_Data_:
_ _ _ _
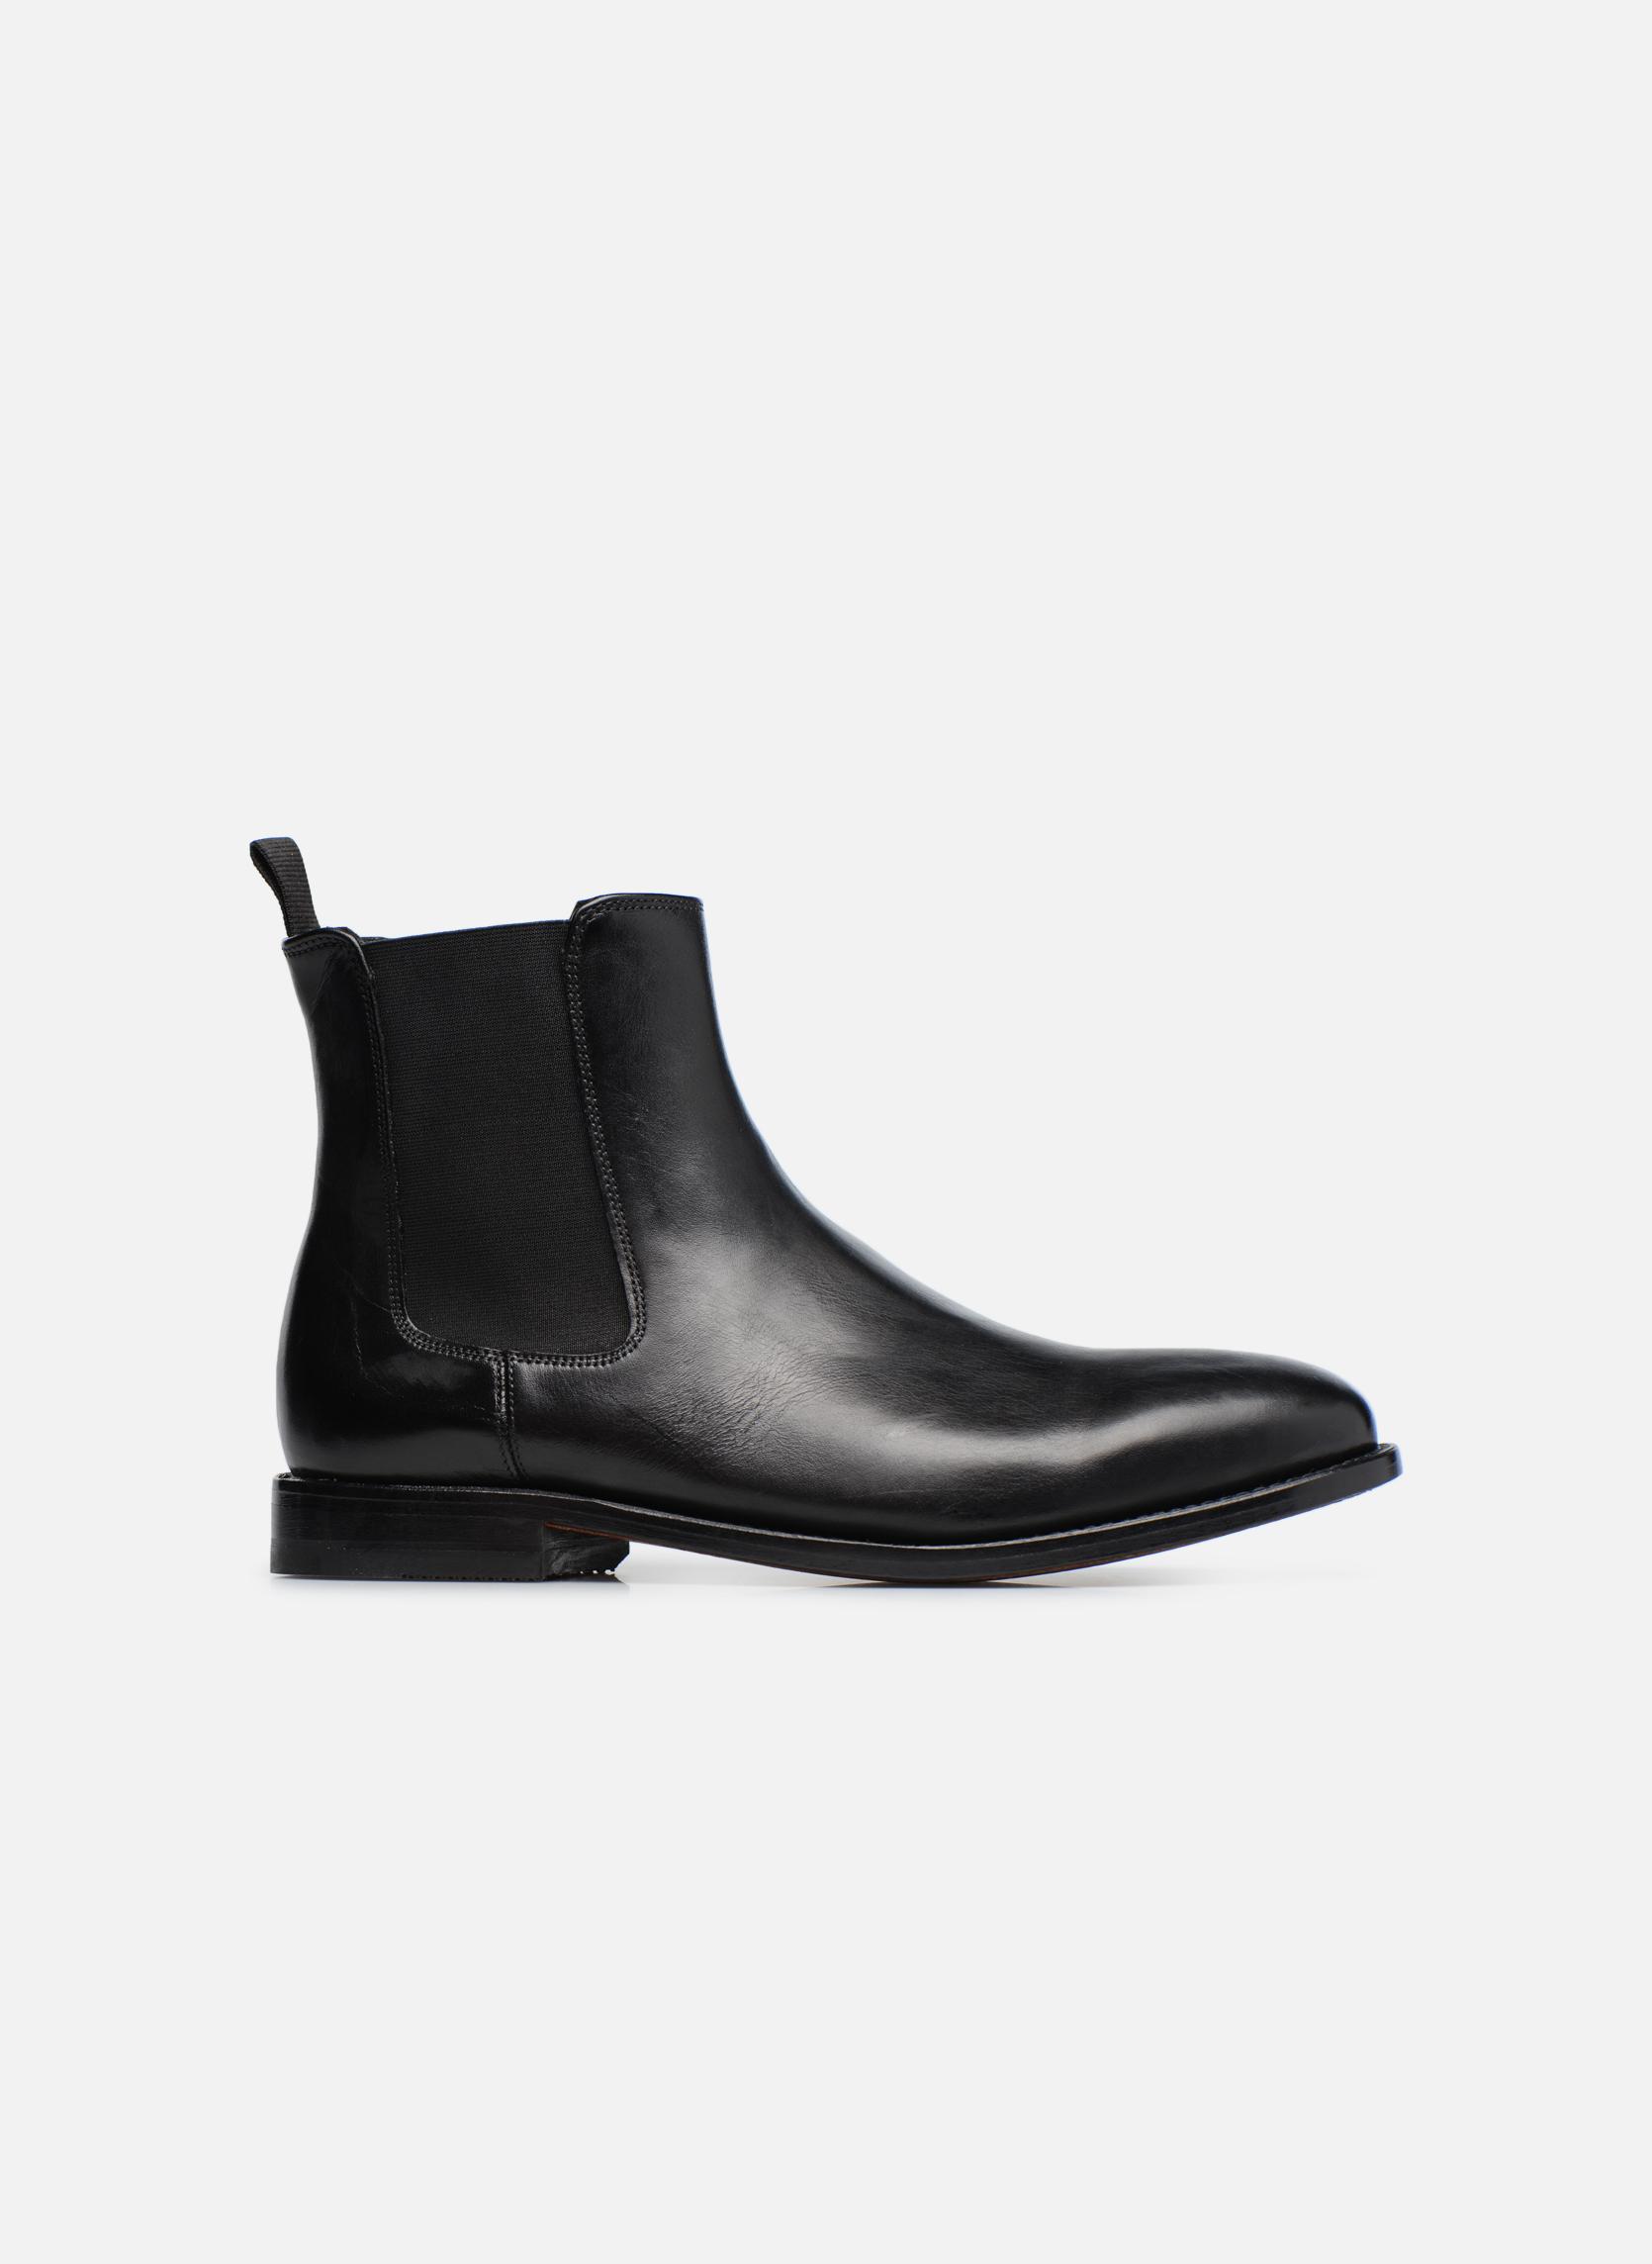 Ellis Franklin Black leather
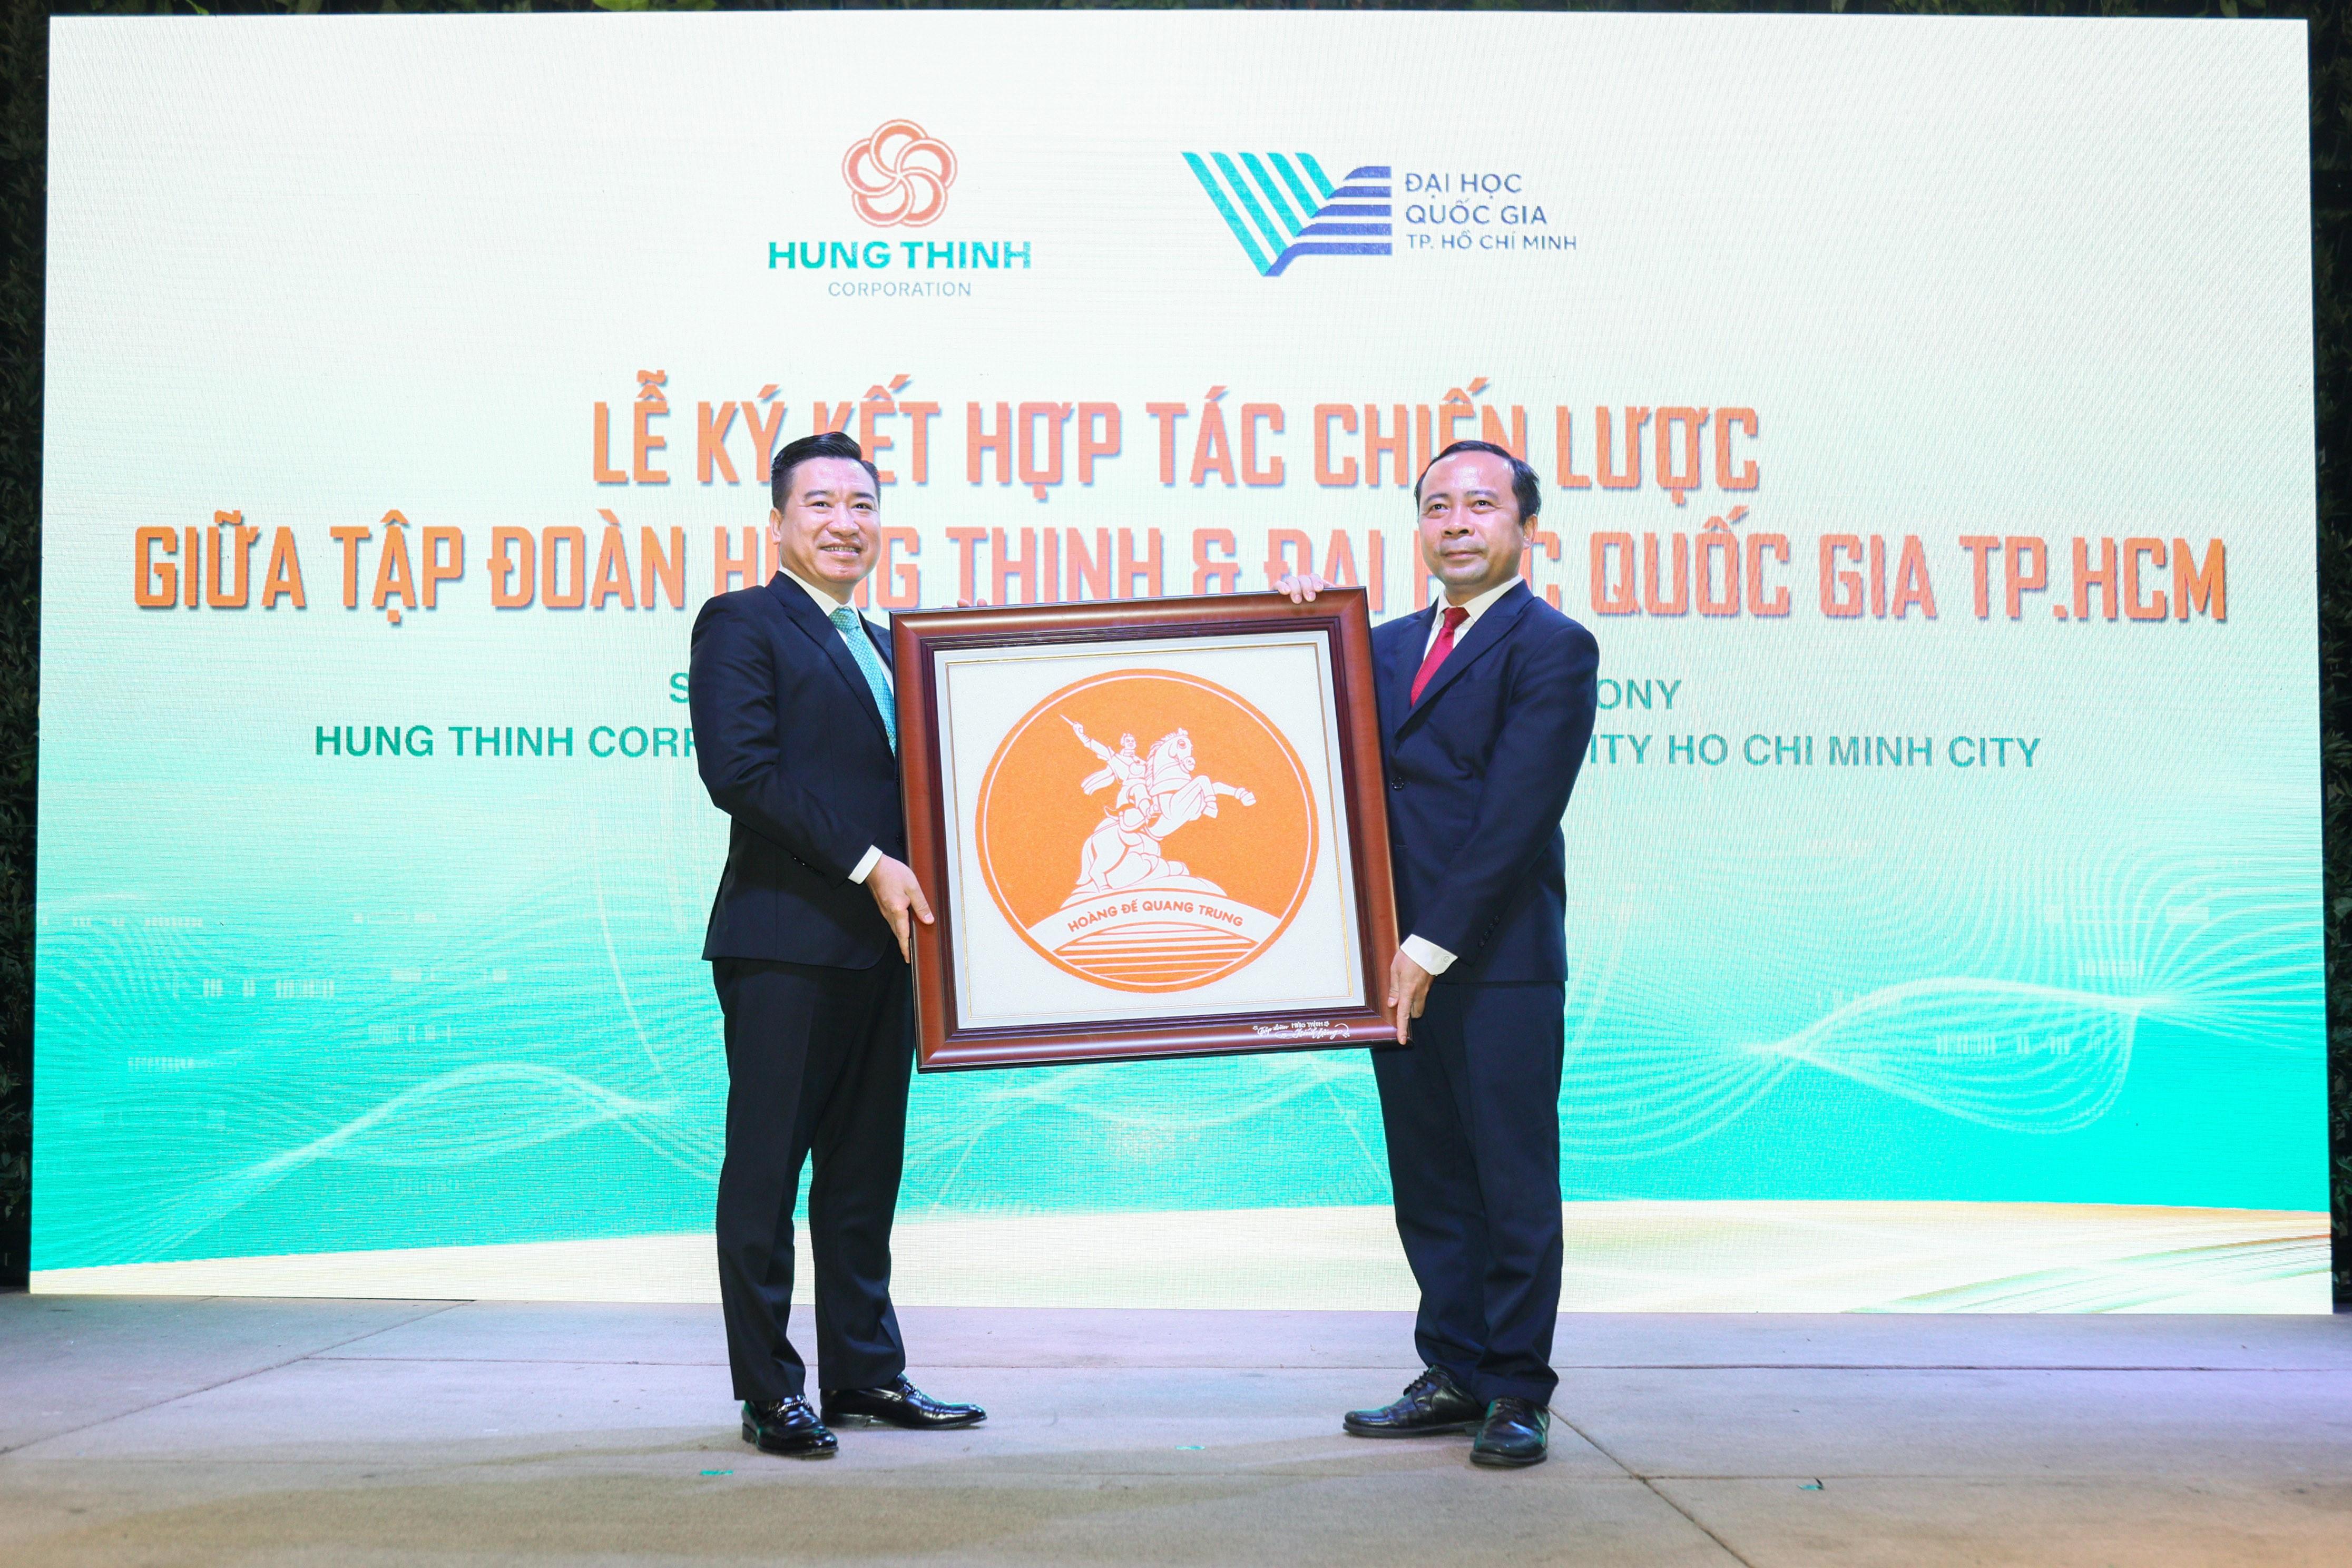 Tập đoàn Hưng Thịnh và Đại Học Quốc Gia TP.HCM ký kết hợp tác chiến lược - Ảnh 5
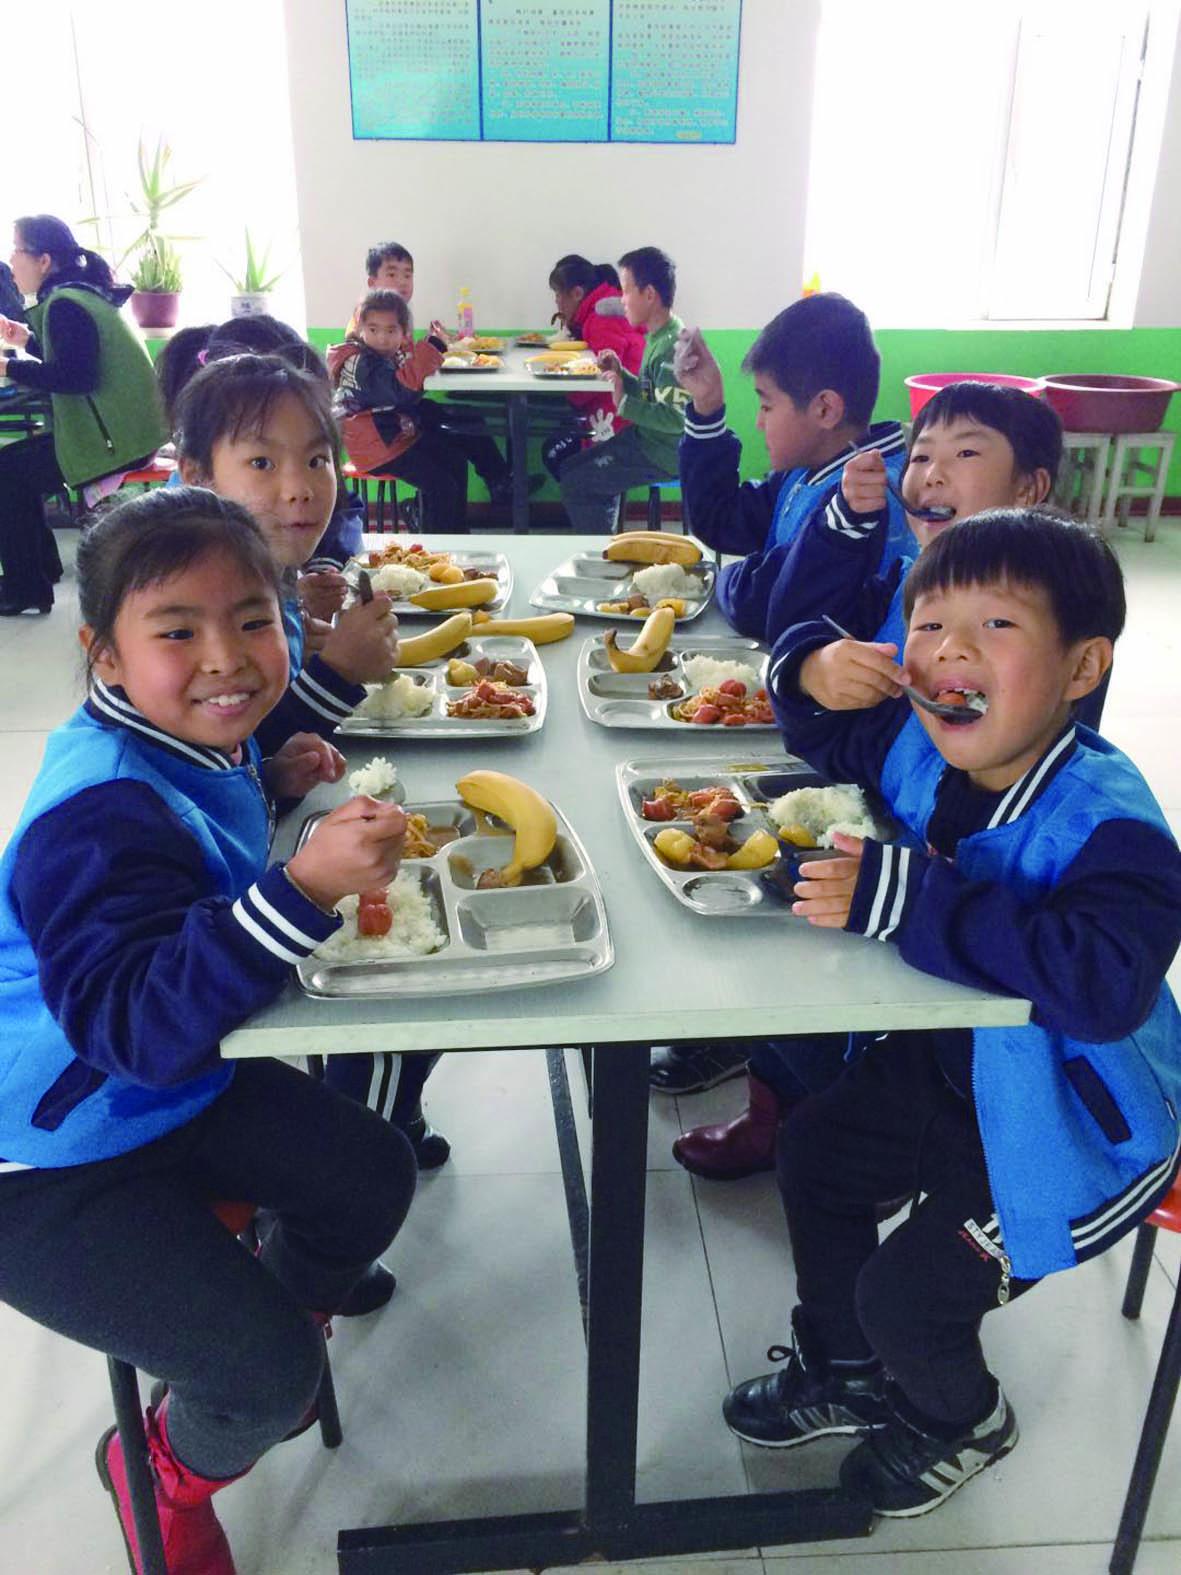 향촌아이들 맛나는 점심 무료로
_ _ _ _
Output all of the data exactly. Skip the pictures.

_Result below_:
 Ellis Franklin Black leather
 Tập đoàn Hưng Thịnh và Đại Học Quốc Gia TP.HCM ký kết hợp tác chiến lược - Ảnh 5
 향촌아이들 맛나는 점심 무료로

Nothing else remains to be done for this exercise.